All lines from the one holding "Dump Open, Dump Closed, Utah, 2008,2015" to the end of the listing are to be output exactly, both ends included, with any pictures left out.

[[ GIVEN MATERIAL open ]]

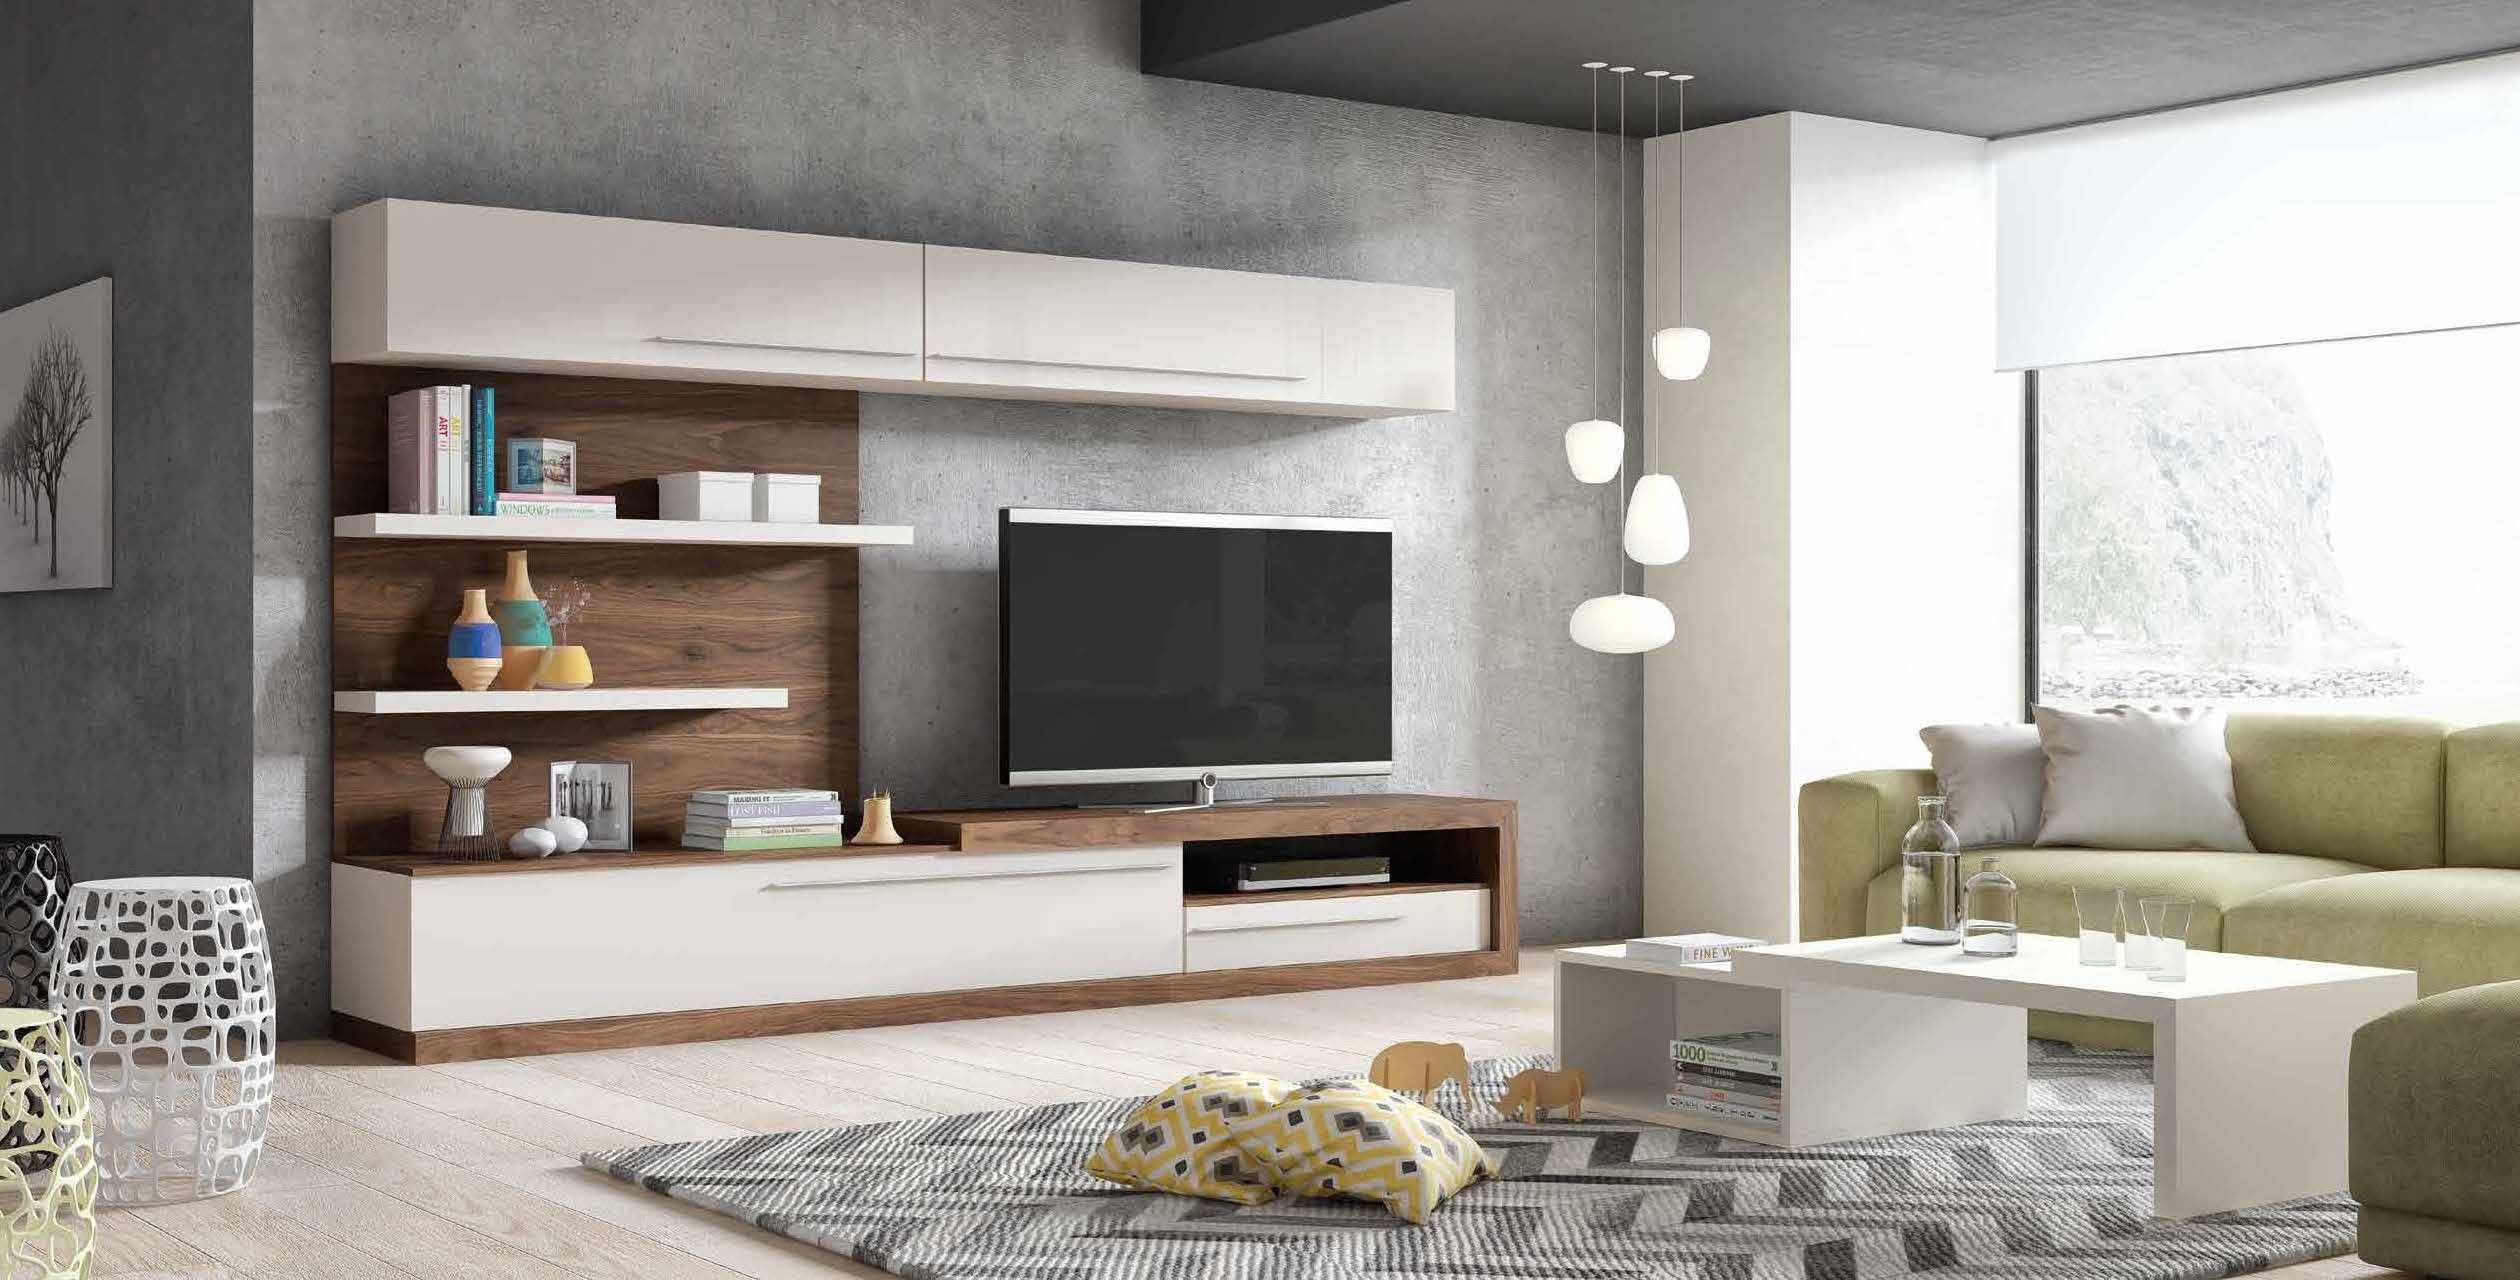 Mueble de sal n netro 11 mesegu en 2019 sala muebles - Muebles salon modernos ...
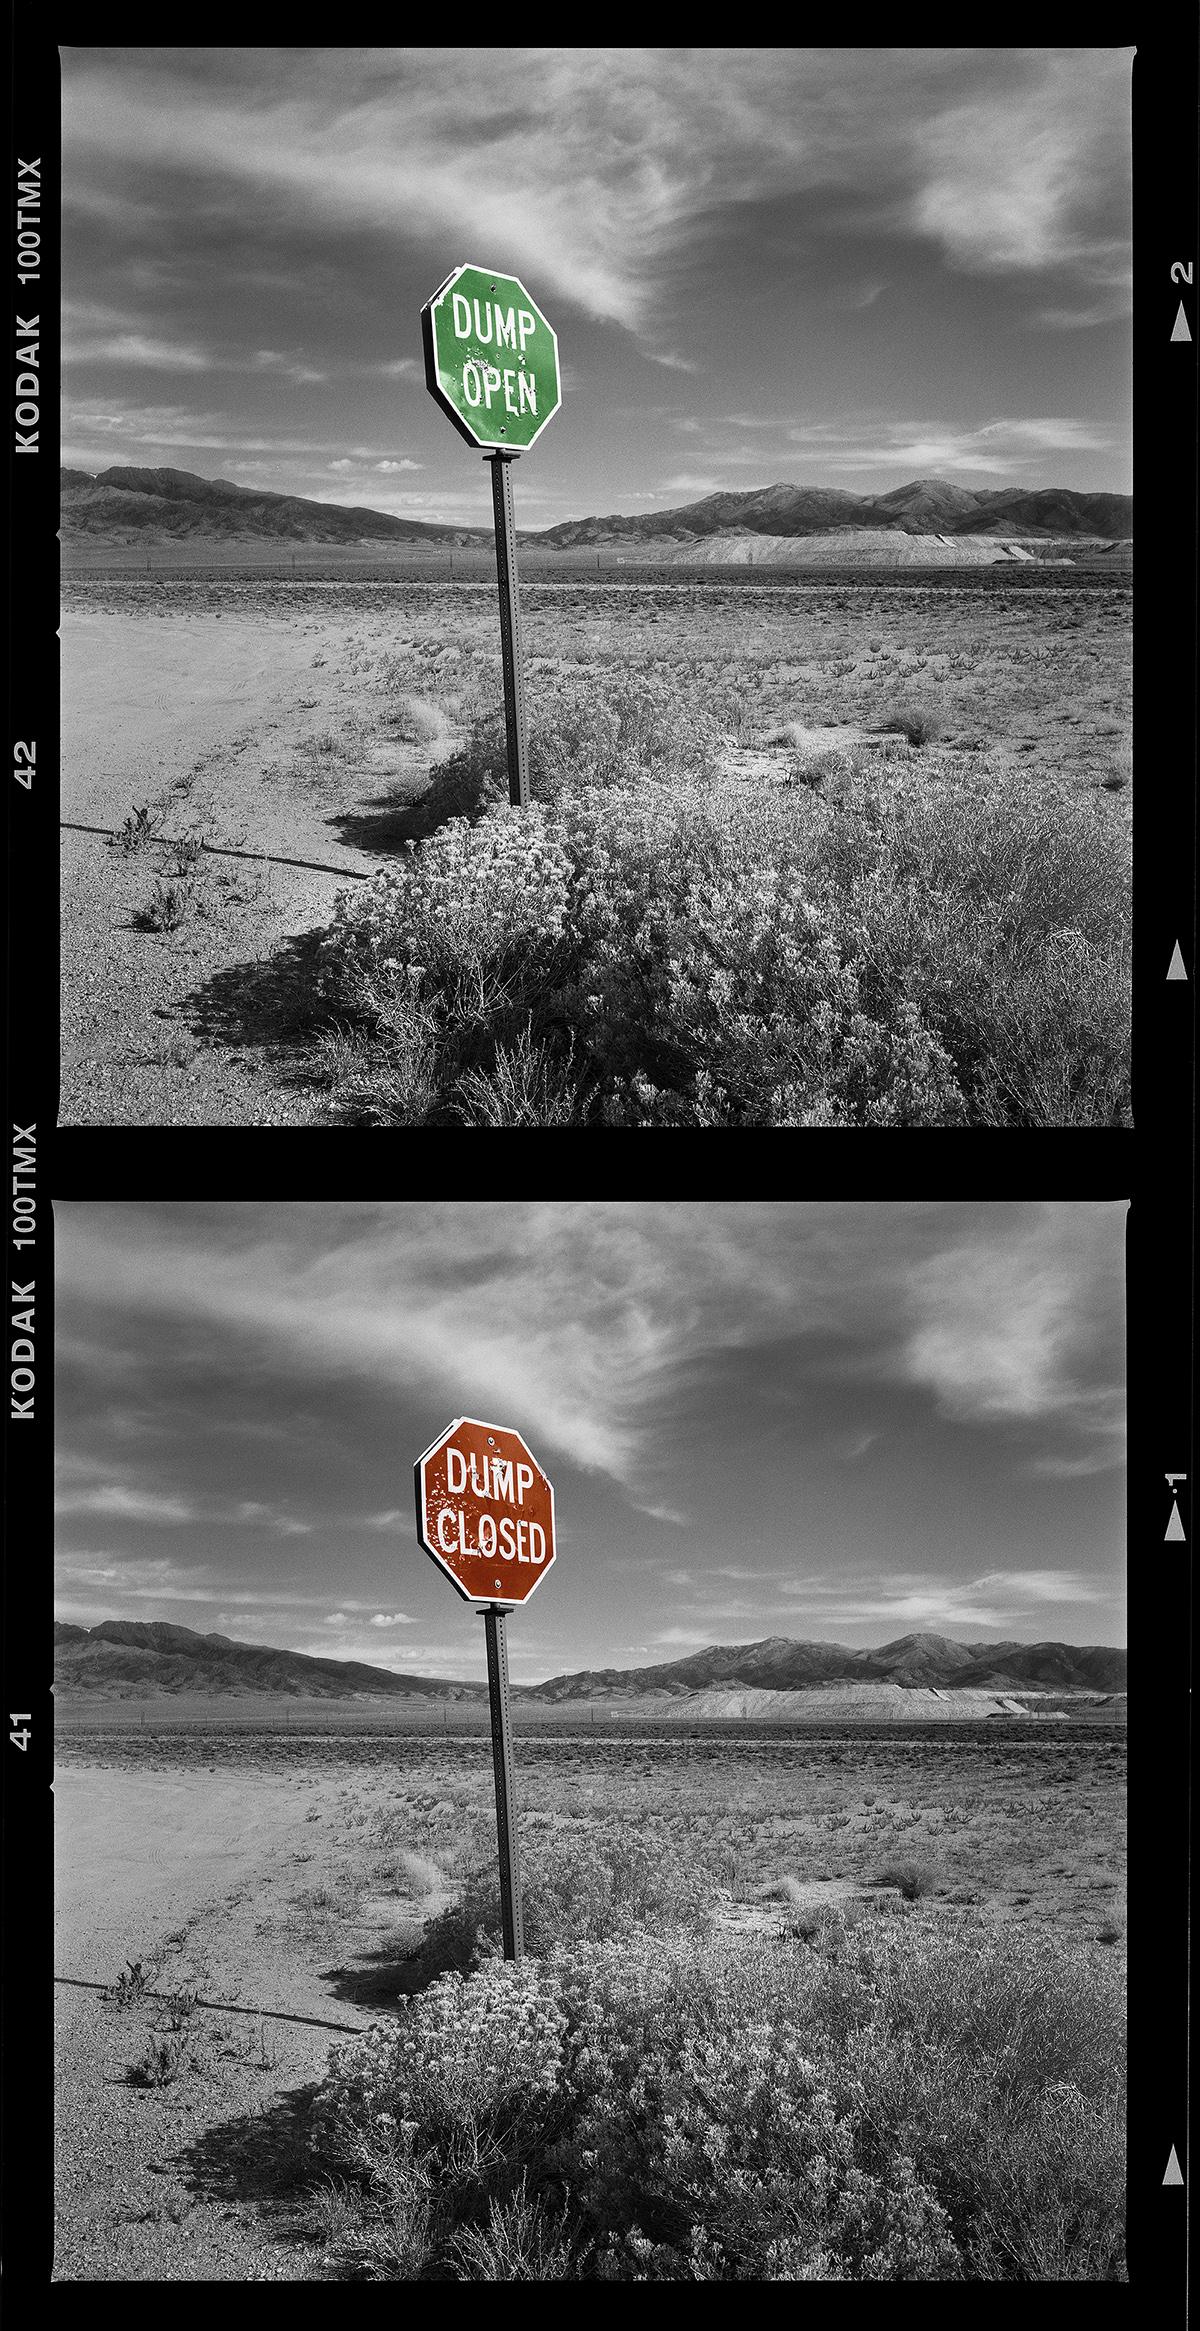 Dump Open, Dump Closed, Utah, 2008,2015
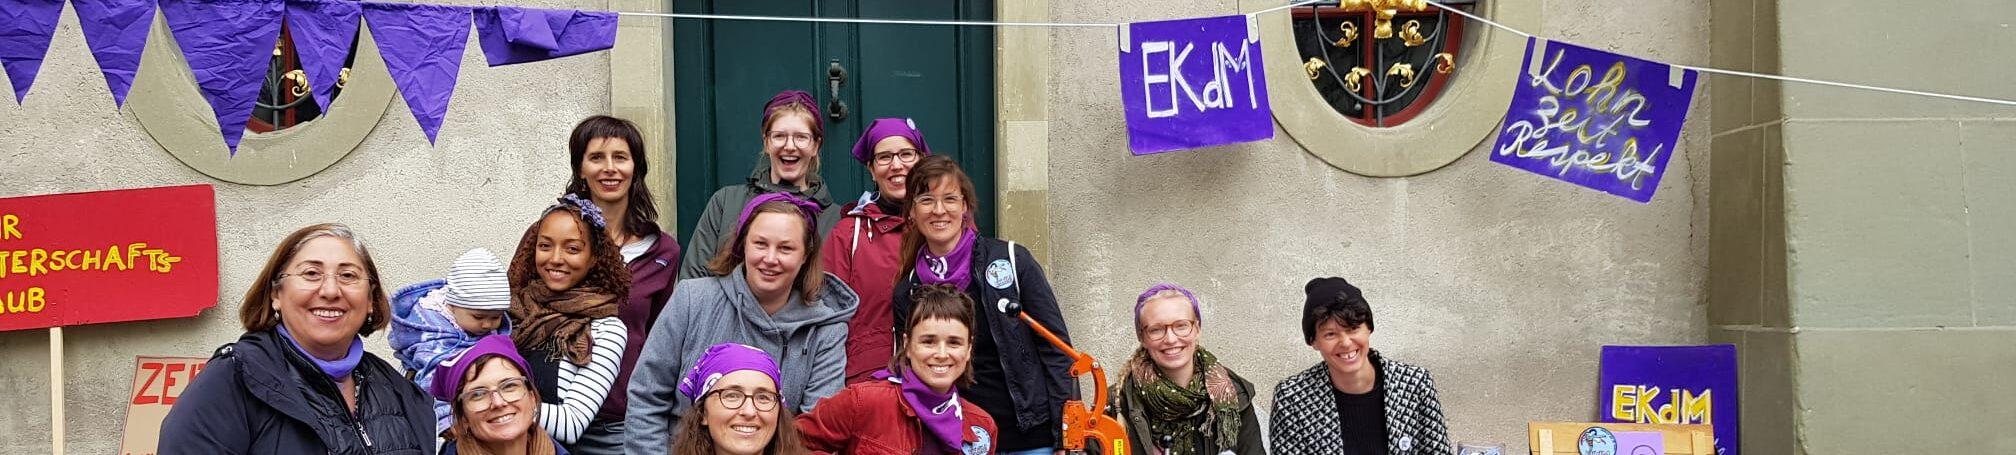 EKdM – Eidgenössische Kommission dini Mueter

[[ GIVEN MATERIAL closed ]]

YOUR RESPONSE.
 Dump Open, Dump Closed, Utah, 2008,2015
 EKdM – Eidgenössische Kommission dini Mueter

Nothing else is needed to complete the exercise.